━━━━━ The input

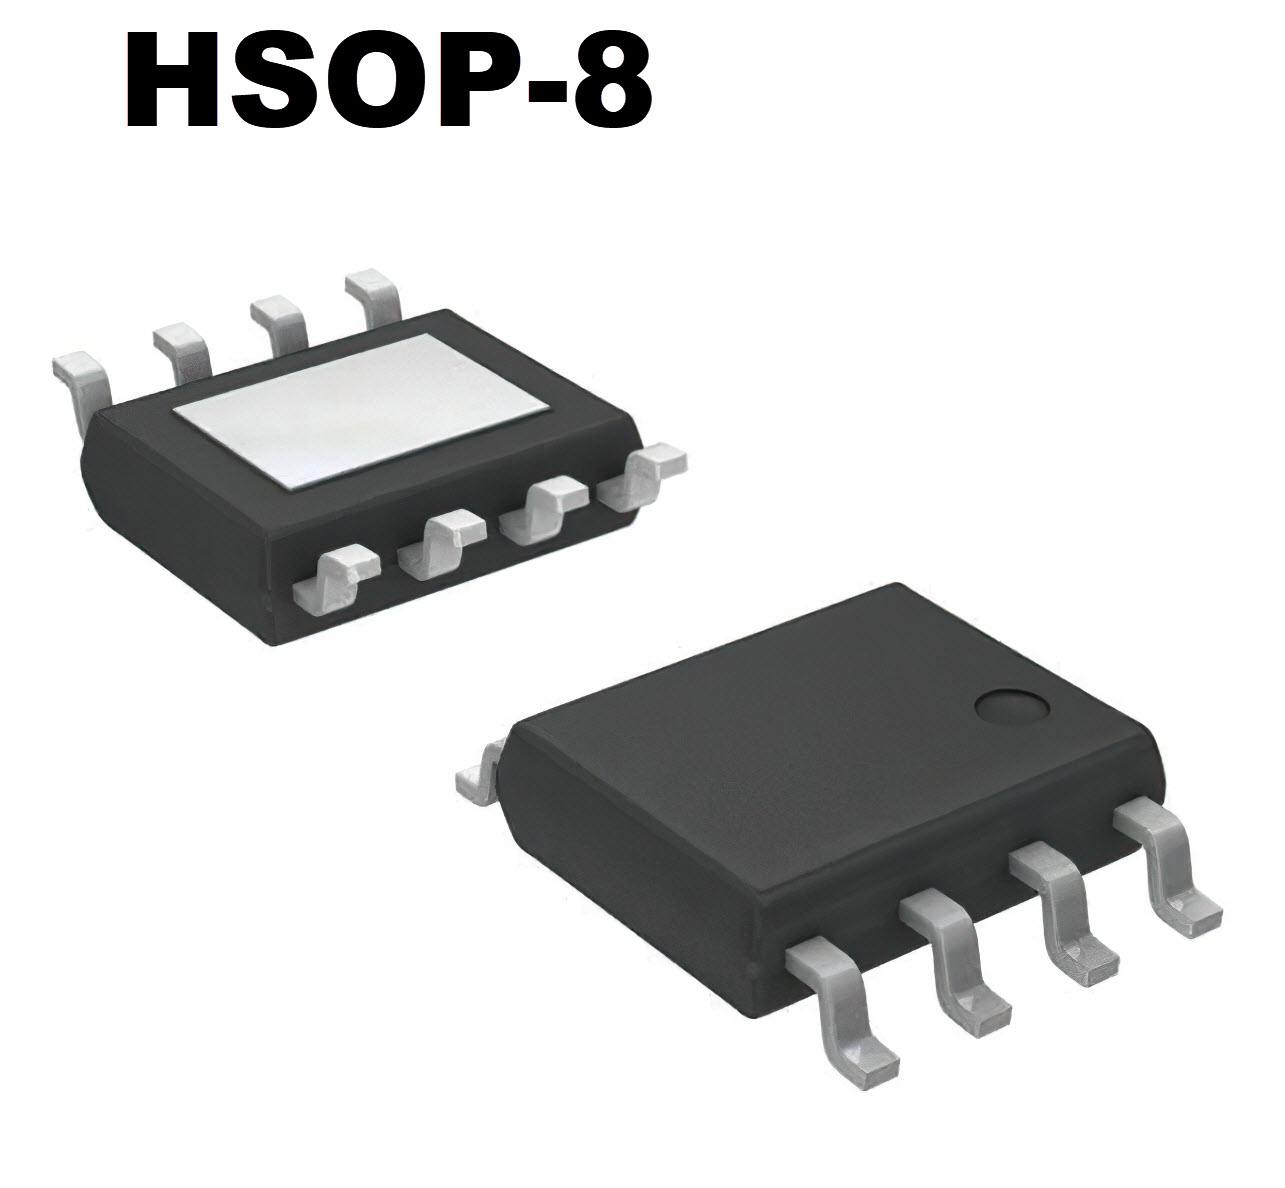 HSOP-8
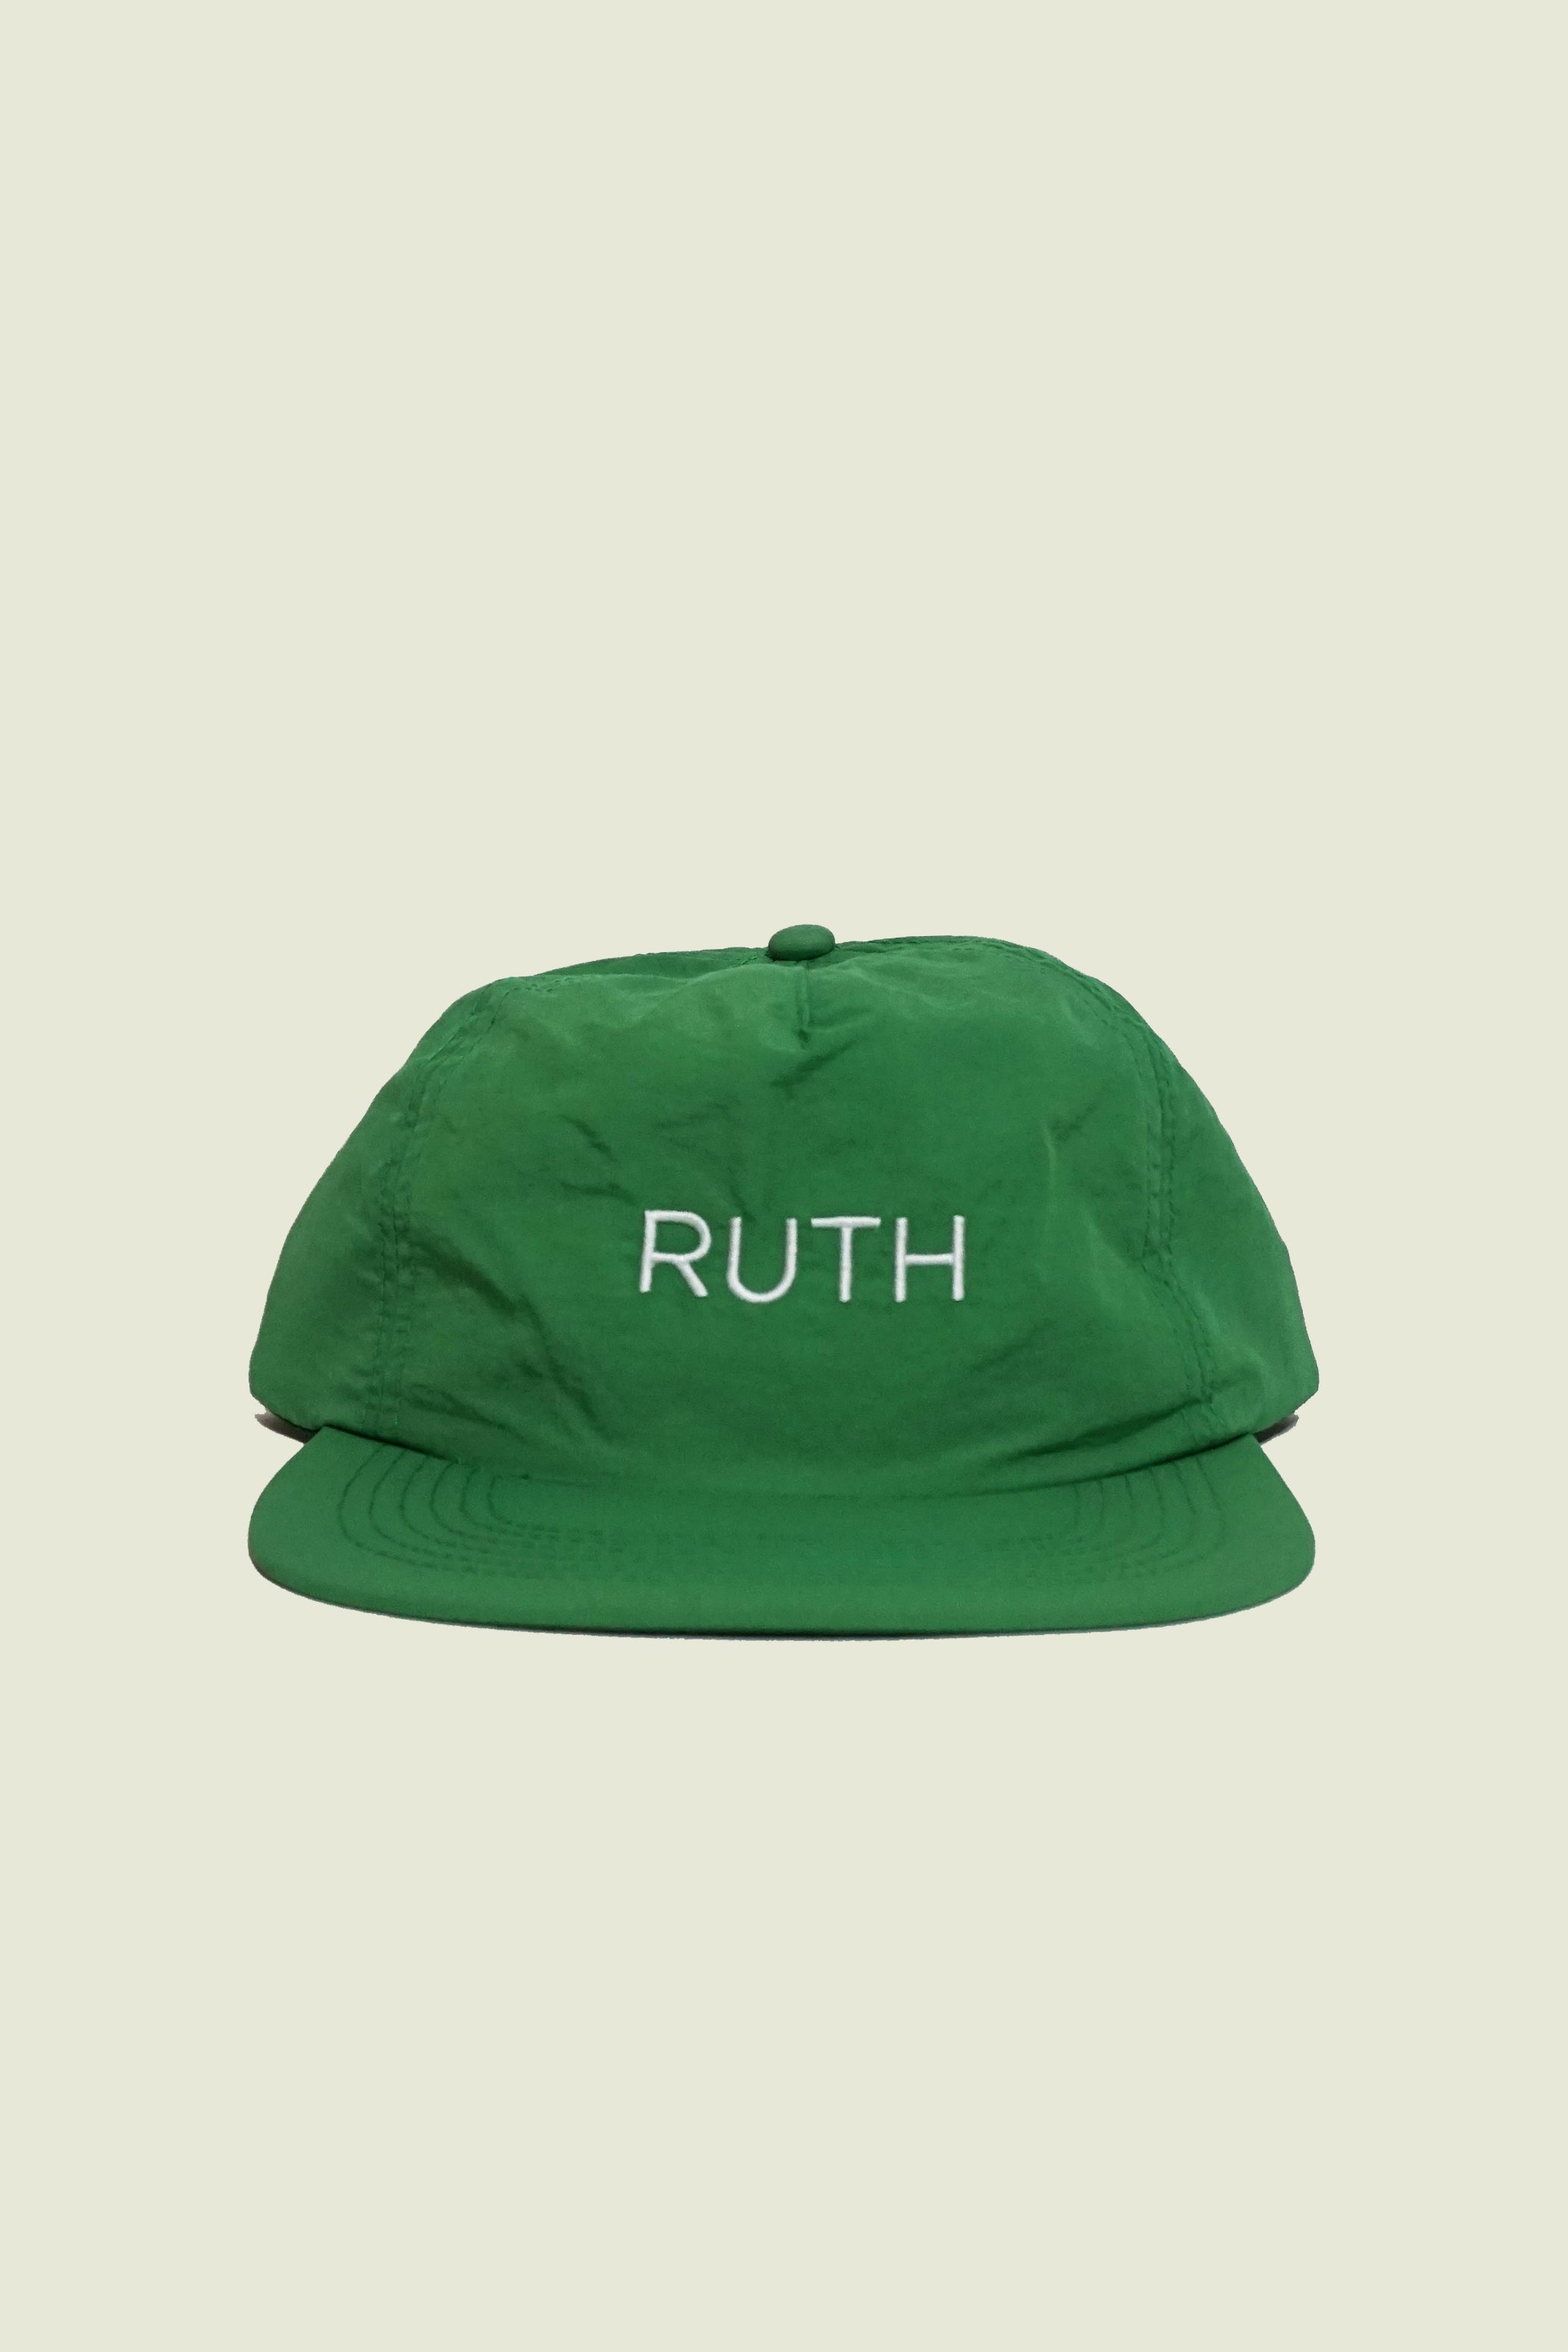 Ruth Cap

━━━━━━━━━━
━━━━━ The input

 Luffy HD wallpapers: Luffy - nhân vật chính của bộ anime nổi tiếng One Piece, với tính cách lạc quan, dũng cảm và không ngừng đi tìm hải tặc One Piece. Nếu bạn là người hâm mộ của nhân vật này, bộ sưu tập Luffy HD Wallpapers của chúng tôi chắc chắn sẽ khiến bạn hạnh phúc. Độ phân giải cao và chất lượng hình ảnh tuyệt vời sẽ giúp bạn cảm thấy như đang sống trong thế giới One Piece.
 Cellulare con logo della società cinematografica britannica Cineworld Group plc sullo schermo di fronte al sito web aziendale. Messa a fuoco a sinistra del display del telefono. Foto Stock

━━━━━━━━━━

Task goal:
Return, unchanged, the run of lines above that opens with the line containing "Luffy HD wallpapers: Luffy" and closes with the line containing "Cellulare con logo". Include both.

Answer section:
 Luffy HD wallpapers: Luffy - nhân vật chính của bộ anime nổi tiếng One Piece, với tính cách lạc quan, dũng cảm và không ngừng đi tìm hải tặc One Piece. Nếu bạn là người hâm mộ của nhân vật này, bộ sưu tập Luffy HD Wallpapers của chúng tôi chắc chắn sẽ khiến bạn hạnh phúc. Độ phân giải cao và chất lượng hình ảnh tuyệt vời sẽ giúp bạn cảm thấy như đang sống trong thế giới One Piece.
 Cellulare con logo della società cinematografica britannica Cineworld Group plc sullo schermo di fronte al sito web aziendale. Messa a fuoco a sinistra del display del telefono. Foto Stock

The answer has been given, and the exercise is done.